[[ Excerpted records, beginning ]]

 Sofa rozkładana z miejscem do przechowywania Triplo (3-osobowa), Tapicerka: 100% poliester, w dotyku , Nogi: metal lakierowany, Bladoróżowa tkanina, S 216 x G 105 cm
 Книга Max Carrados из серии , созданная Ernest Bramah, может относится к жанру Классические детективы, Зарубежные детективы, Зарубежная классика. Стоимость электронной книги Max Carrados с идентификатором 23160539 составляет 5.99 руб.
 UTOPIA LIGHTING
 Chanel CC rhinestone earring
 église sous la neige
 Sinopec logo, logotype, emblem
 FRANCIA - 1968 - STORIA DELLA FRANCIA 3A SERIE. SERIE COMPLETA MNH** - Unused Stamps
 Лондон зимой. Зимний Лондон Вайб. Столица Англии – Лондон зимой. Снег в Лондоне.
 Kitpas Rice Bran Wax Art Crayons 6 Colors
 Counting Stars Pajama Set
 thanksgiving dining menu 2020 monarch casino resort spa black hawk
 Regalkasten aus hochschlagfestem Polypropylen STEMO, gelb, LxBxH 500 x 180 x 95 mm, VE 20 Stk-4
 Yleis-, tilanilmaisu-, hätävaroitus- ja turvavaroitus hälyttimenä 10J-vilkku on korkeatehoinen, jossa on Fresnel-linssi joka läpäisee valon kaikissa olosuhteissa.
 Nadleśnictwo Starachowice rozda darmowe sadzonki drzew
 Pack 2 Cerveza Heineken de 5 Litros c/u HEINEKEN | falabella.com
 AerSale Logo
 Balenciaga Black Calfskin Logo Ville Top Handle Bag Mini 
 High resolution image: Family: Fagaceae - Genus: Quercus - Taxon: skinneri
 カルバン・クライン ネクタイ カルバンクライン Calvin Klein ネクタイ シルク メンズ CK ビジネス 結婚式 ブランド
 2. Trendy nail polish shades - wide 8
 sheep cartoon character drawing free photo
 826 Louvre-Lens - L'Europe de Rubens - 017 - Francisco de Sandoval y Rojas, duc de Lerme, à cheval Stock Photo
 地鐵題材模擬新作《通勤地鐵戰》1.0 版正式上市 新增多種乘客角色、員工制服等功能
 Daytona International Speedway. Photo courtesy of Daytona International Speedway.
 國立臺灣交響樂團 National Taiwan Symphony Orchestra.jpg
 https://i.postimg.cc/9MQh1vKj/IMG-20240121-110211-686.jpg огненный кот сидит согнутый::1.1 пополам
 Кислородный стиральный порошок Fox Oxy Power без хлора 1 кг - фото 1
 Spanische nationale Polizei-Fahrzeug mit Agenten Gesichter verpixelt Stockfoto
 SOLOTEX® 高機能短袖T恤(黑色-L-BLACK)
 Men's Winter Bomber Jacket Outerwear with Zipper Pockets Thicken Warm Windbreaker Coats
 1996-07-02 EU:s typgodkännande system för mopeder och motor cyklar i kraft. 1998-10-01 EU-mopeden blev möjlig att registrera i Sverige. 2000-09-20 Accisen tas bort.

[[ Excerpted records, end ]]

■ What needs to be done
Print, without alteration, only the lines above between the one holding "Yleis-, tilanilmaisu-, hätävaroitus- ja" and the one holding "High resolution image: Family: Fagaceae", inclusive.

■ Solution for this problem
 Yleis-, tilanilmaisu-, hätävaroitus- ja turvavaroitus hälyttimenä 10J-vilkku on korkeatehoinen, jossa on Fresnel-linssi joka läpäisee valon kaikissa olosuhteissa.
 Nadleśnictwo Starachowice rozda darmowe sadzonki drzew
 Pack 2 Cerveza Heineken de 5 Litros c/u HEINEKEN | falabella.com
 AerSale Logo
 Balenciaga Black Calfskin Logo Ville Top Handle Bag Mini 
 High resolution image: Family: Fagaceae - Genus: Quercus - Taxon: skinneri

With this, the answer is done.